All games are like this. Most of them are much more complicated. Tetris is about the geometry of tetrads. Halo (and all FPS games) is about precise aim and timing. Grand Theft Auto is about exploration. In GTA, once you’ve explored the whole map, it’s done and the game is boring. Once you’ve fully understood any game – it becomes boring.

So fun is the process of acquiring understanding.

It’s trying again and again and again, because you want that “Aha! I got it!” moment so badly. Every time you hit that moment, you get a little shot of dopamine in your brain. That feels good; dopamine is the satisfaction chemical.

The corollary to this is that there is no game that is not educational. So that’s the second reason news organisations should be interested in games. ‘Cause they’re one of the most powerful educational devices known to our species.

You know what else gives you a little hit of dopamine when you do it?

Crack cocaine.

In neurochemistry terms, games are like crack. Only instead of destroying your family and leaving you peniless and desperate on the street, games leave you with more skills and understanding than when you started.

What you gain those skills and that understanding about depends entirely on the game design. A game like Halo 3 or just teaches you to aim and fight. (Just? well, maybe not ‘just’ – otherwise the US Army wouldn’t be interested in this sort of game.) But there are many games that teach sophisticated skills and subtle understanding. Some are interesting in the journalism context – like JFK Reloaded, September 12, Global Conflict: Palestine, and Sim City. There are links to them all on the right.

If you’d like to know more, take a look at the slides.

As always, I welcome your thoughts and comments. Happy playing!

2 thoughts on “Why we need to use games for Journalism

  1. Well, I would argue that even mainstream games can be informative – I learned a fair bit about the sengoku period playing “Shogun: Total War” and “Deus Ex” required you to get familiar with buckyballs and grey goo. A few months ago I watched a CNN story about nuclear reactors in north korea. “Oh,” I thought, “they must be worried about the Yongbyong 5mw installation.” Thank you, “Mercenaries.”

    Further, there have been a few games that have informed my opinions about storytelling – a crucial subject, if you’re me – “Beyond Good & Evil,” “FF3,” and “Deus Ex” again, just to name a few.

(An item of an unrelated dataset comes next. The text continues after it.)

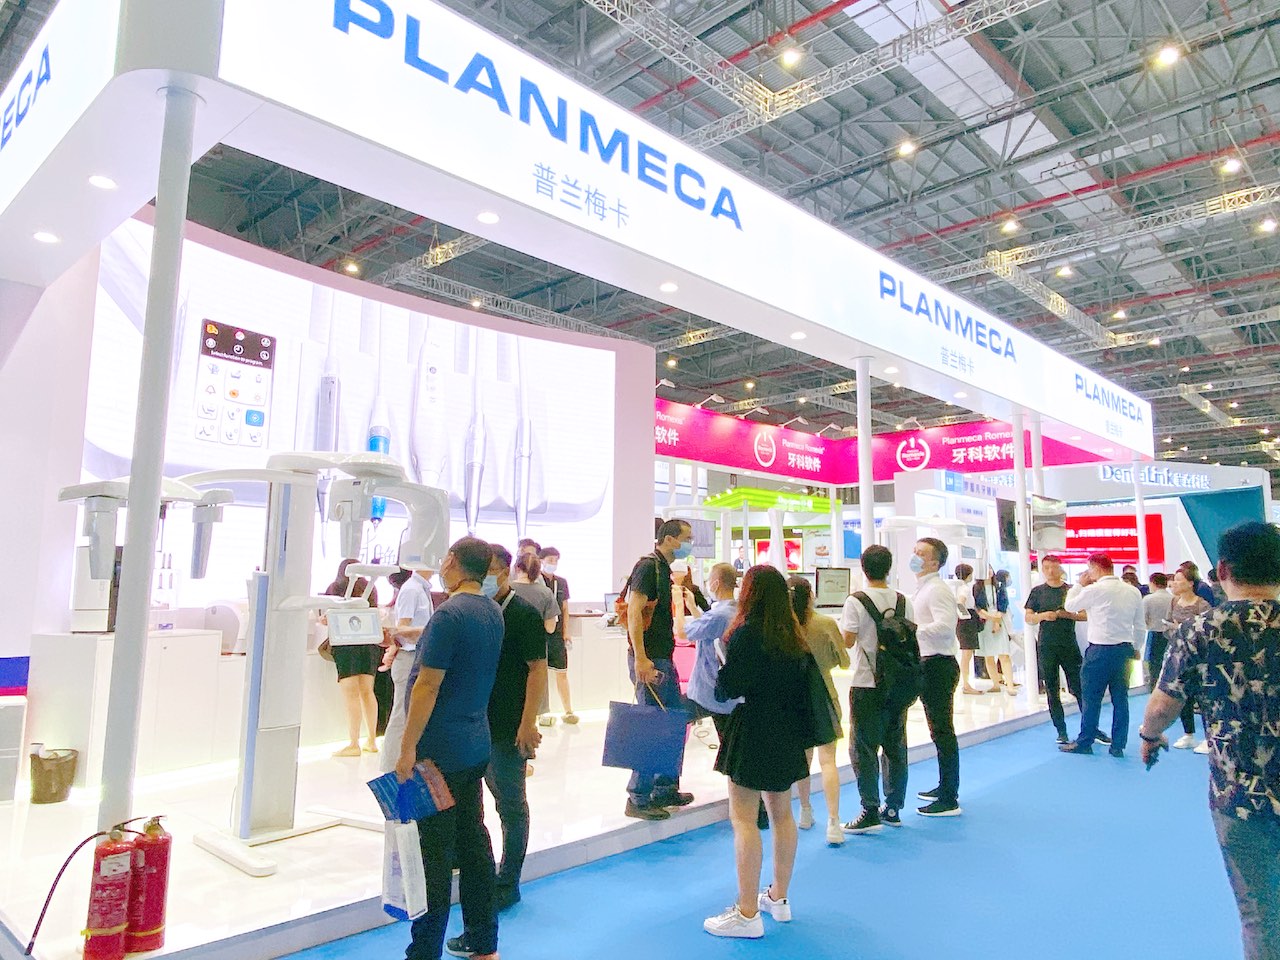 Planmeca-Stand auf der China Dental Show 2020 in Shanghai (Foto: Planmeca)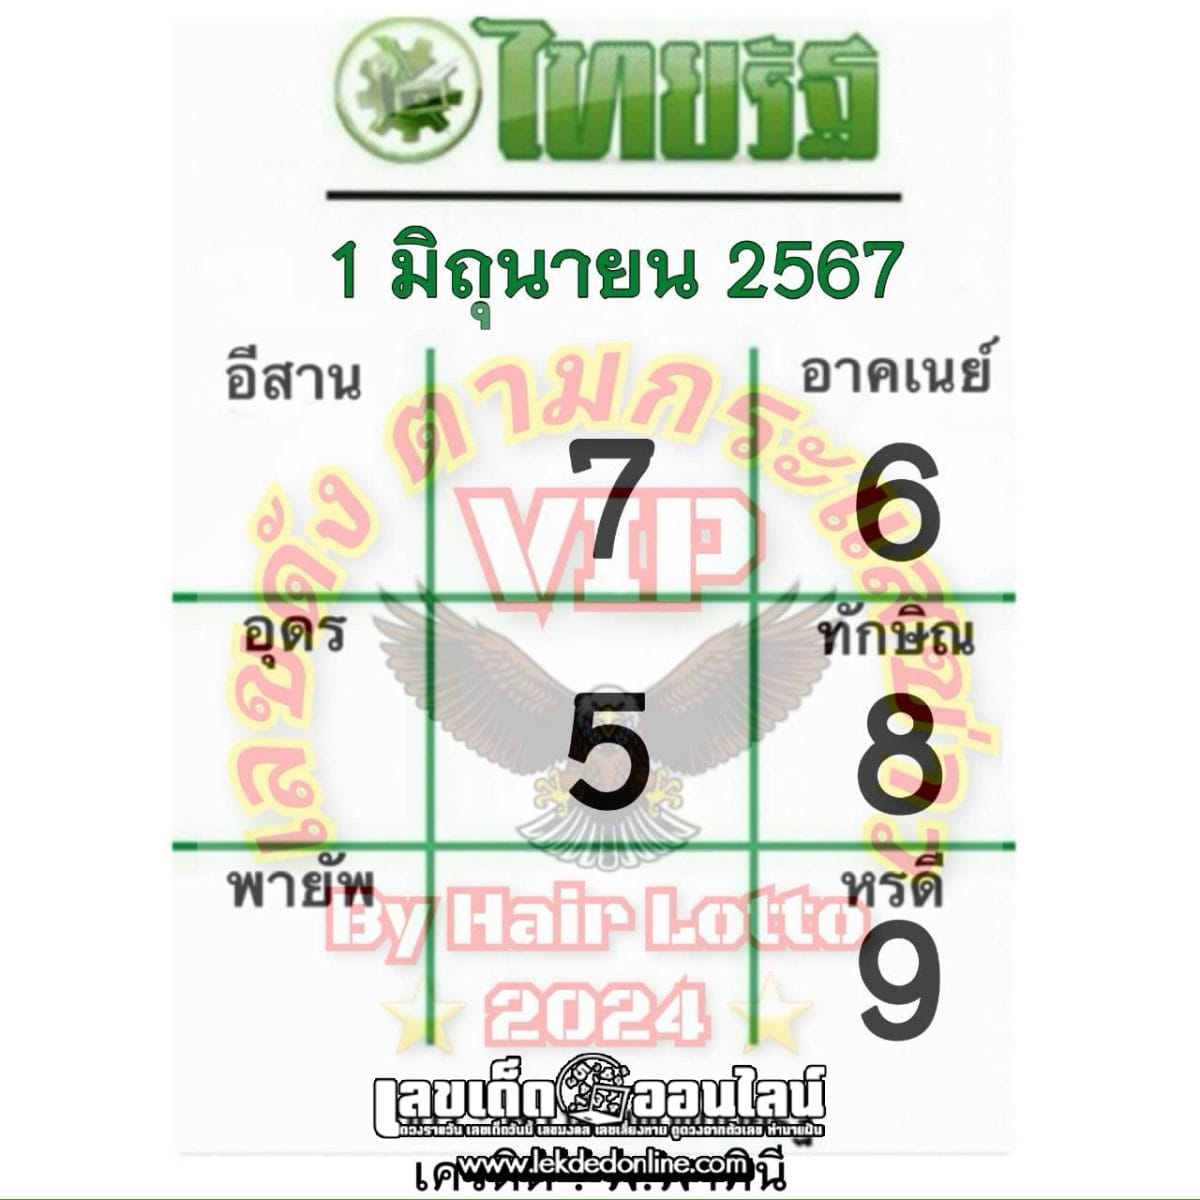 เลขไทยรัฐ 1 6 67-"Thairath number"

I’ve also learned that tanith6227 will occasionally whore kills in tactical games if he gets frustrated, and that you always break right through doorways when we breach in a fps.

    On the whole I am happy to agree with this post, and excited for you that your job allows you to work in the area. Down with luddism! up with the man-machine interface! up with using machines for the man-man interface!

  2. Indeed, mainstream games are informative in the way you describe. But let’s take Shogun as an example. I’d argue that the more importatnt lesson you learned while playing it was pre-firearms field warfare tactics.

    While playing Shogun, you got better at the game. At first you sucked, like we all do, and then by playing battles over and over with bigger and bigger armies, you got better. By now you’ve played enough of the game that you’d actually be a halfway decent field commander for a real-life army, if you were ever put in that position. That’s because playing the game has taught you real tactical principles like flanking, the use of terrain, which type of soldier (pikes/horse/archers) to use against which, and so on.

    The process of playing the game allows you to explore the way battles work in a very real way – only without losing life and kingdom if (when) you fail. In a way, games allow you to learn through the creative exploration of failure, because you can fail without cost. By doing so, you learn real skills. That’s why games can be so useful.

    Think of chess: it teaches real lessons in strategy and planning, despite being so abstracted that it doesn’t really look like a real battle, at all.